Franchises told to bite bullet, prepare for acceleration
Franchising, the proven business to easier and quick foray into business at higher success rate, also took severe beating from COVID-19, but an industry guru told players to bite the bullet and prepare for acceleration.
Samie Lim, known as the father Philippine franchising, said in a webinar hosted by the Philippine Franchising Association that all is not lost in business.
A COVID-19 survivor, Lim drew a parallelism of his fight and recovery from the illness to the franchising industry’s journey during this pandemic.
“I recently recovered from COVID-19, by God’s grace and mercy, I was given another chance to live and continue to be of service. It has been a long and difficult 60day journey, and as I recount my story, I couldn’t help but think of franchising and how my experience can be paralleled to the industry’s own road to recovery,” said Lim.
To recover from the disease and to survive in business, Lim cited the 3 As – Accept, Assess, and Act as soon as possible.
He advised franchise players to get a third party, particularly a Certified Franchise Executive, for an objective assessment of company’s health. He did the same by going to the doctors for assessment.
Next, he said, assess the viability of every franchisee. “Have a serious meeting with your franchisees and think of ways to keep the company afloat,” he said.
After the assessment process, the next thing is acceptance that you are sick.
“You have to accept reality, what COVID did, is doing and will be doing to your business. You have accept your company’s financial limitations and its ability to meet all the financial obligations, such as rental, payroll, utilities, maintenance of the commissaries, warehousing, and delivery. The final step is Act ASAP. “You should act ASAP to stop the bleeding, cut unnecessary operating expenses at this time, close underperforming stores that could not make more than the operating expense,” he said.

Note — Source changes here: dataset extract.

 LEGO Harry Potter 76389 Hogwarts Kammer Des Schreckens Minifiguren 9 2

He urged to renegotiate suppliers terms, landlords, aggressively tap digital technologies, and implement health protocols.

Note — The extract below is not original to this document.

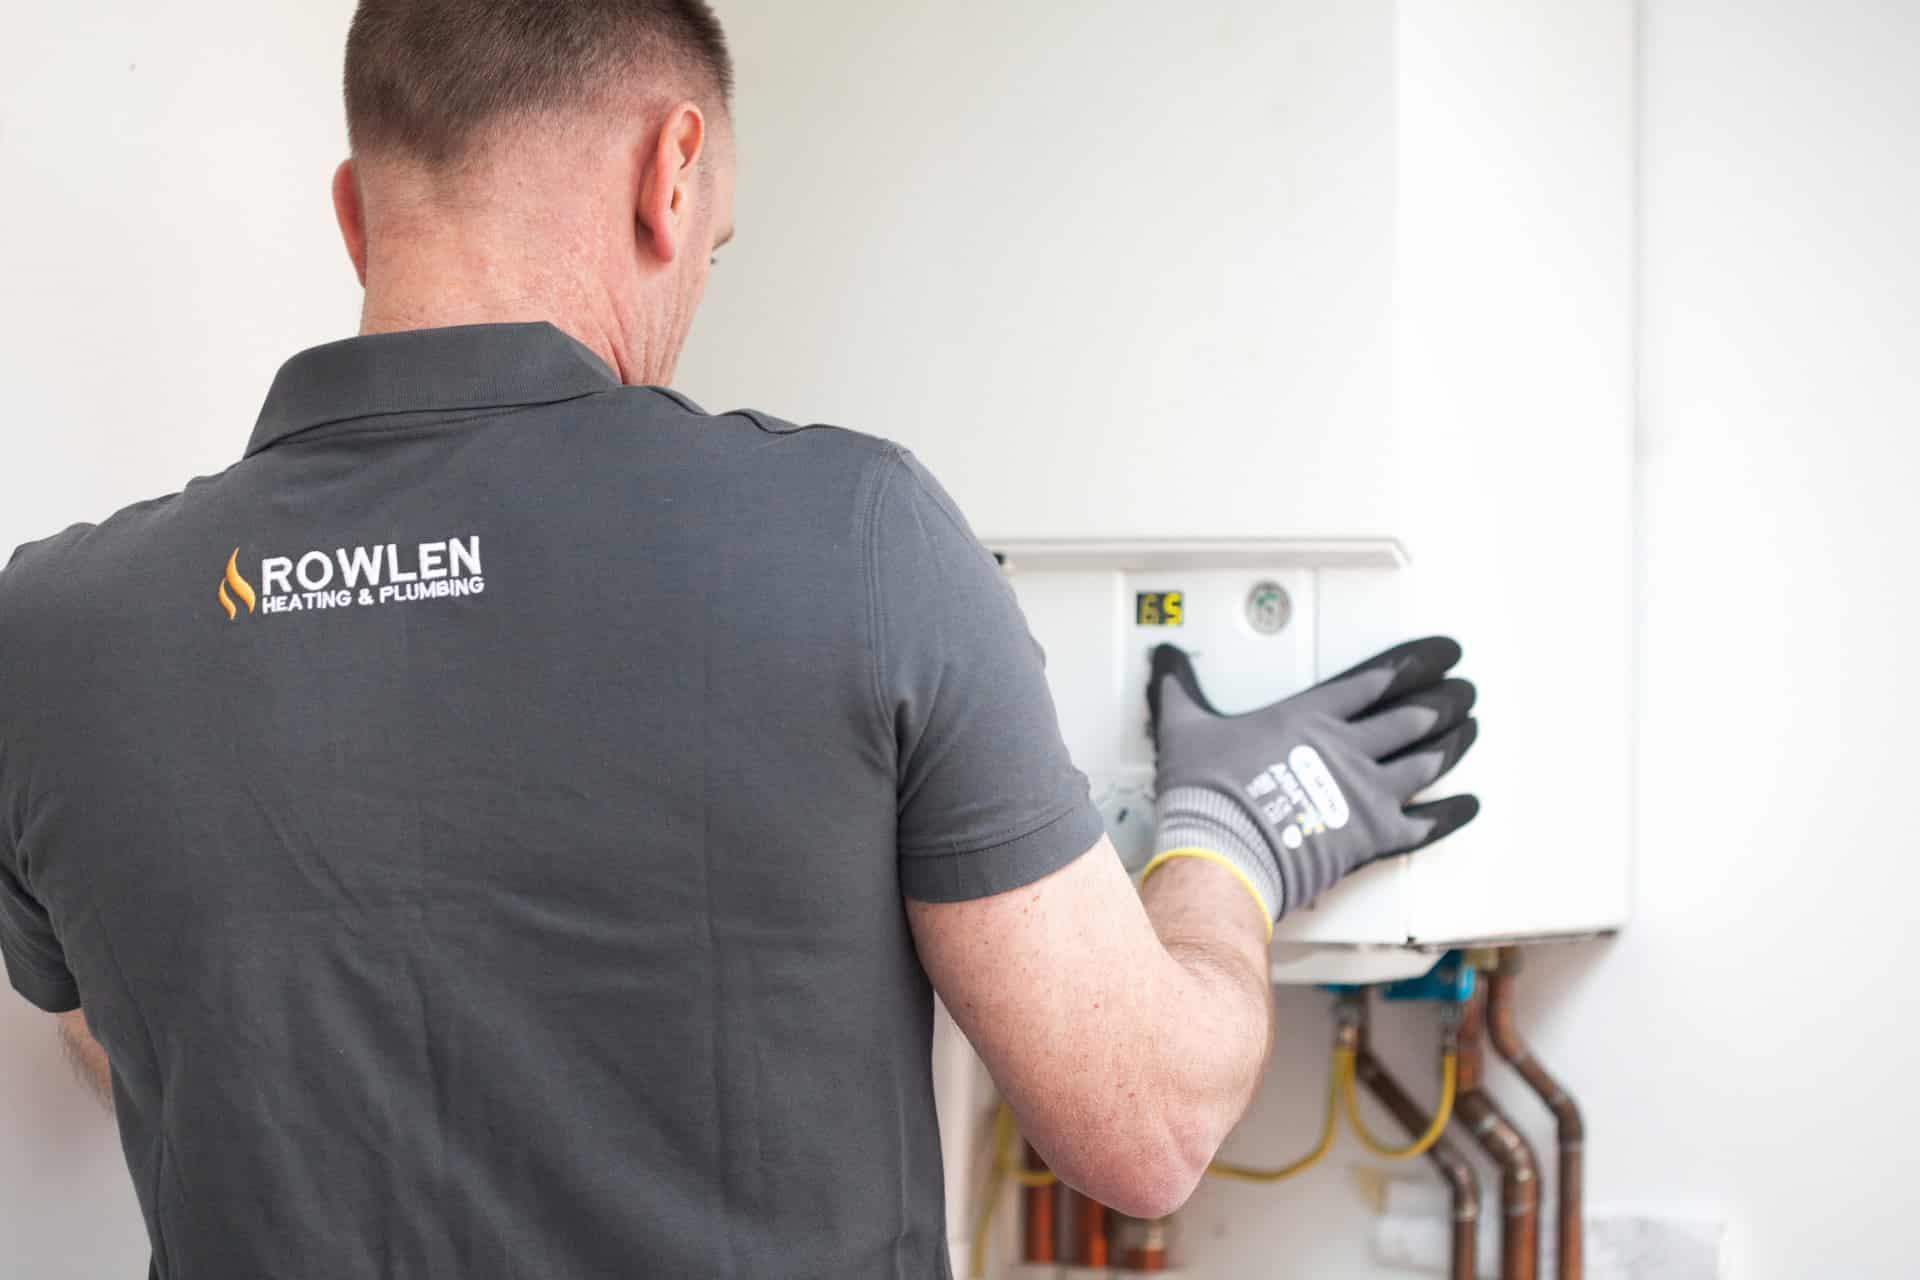 Commerical boiler service

Lim, who owns the country’s chain of home furnishing store BLIMs, added another A for Accelerate.
Lim noted that after the Great Depression in 1929 and the Asian Financial Crisis in 1997, franchising was one of the sectors that recovered the fastest and prospered.
He expects 2021-25 as the Golden Years for Franchising. This is because the industry has the biggest pool of potential franchisees.
He said the many vacant spaces will give a retailer the perfect opportunity to expand once lockdown is over, not only in the Philippines, but worldwide.
“After this crisis, new market opportunities will emerge.A new market/community will be created, as people migrate to a safer environment and less densely populated areas,” he said.
He expects new opportunities in the food sector: food delivery services, lunch boxes, dark kitchens, and healthy options.
In the retail sector, he said, new businesses will emerge like stores selling beauty products for clients to regain their pre-COVID beauty, vitamins stores, gardening, hobbies and less expensive ventures.
In the service sector, he sees the rise of nursing homes, retirement homes, caregivers and elderly care, clinics for family and marriage counseling and mental health, explosion of microfinancing franchises, home schools, professional cleaning services, columbarium and cremation services.